The accumulation of “heavy metals” in fungi can be useful sometime. It allows collecting undesirable substances and eventually disposing of them elsewhere. Several species accumulate heavy metals and other harmful substances. One species in particular, Gomphibius glutinosus, seems to benefit from the fallout around Chernobyl: it becomes radioactive while helping to clean the floor.


In the same vein, in 1991 in Chernobyl, the discovery of black mold covering the walls of the nuclear plant has sparked quite a stir: the prevalent explanation is that the melanin contained in some fungi plays a role similar to that of chlorophyll in plants by transforming gamma rays into chemical energy. It is not for foragers to pick, though.


In the process of recycling organic material, fungi often succeed bacteria whose actions have rendered nutrients readily available to them.

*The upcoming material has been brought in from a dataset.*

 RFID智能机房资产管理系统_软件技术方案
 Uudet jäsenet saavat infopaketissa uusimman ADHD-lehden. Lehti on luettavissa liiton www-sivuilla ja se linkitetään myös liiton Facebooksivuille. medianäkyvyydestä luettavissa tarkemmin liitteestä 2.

They also typically secrete antibacterial metabolites around them. As is well known, they are the source of the discovery of antibiotics. Mycofiltration involves filtering bacteria and other undesirable substances from a low flow stream. The simplest technique involves filling jute bags with mycelium inoculated straw and sawdust. Deposited across a low-flow stream, the bags form a barrier that filters water. The mycelium grows to fruition and captures E. coli, phosphate, nitrite and other substances which would have stimulated the growth of cyanobacteria (blue green algae) downstream. Stamets, who implemented such technique to comply with local effluent standards, concluded wine-caps (Stropharia rugoso-annulata) are efficient mushrooms for the task.


In many instances, the demonstration that mushrooms can clean up the environment is convincing. Up until now, results have only been obtained in the framework of pilot projects and laboratory experiments. Thus, to our knowledge, no large-scale decontamination has been performed yet. The mobilization of many complementary organisms, including fungi themselves, probably offers the best prospects. Species and strains are millions, most of them still anonymous; little is known about their specific capabilities. The power of fungi in restoring our environment is for us to discover and harness.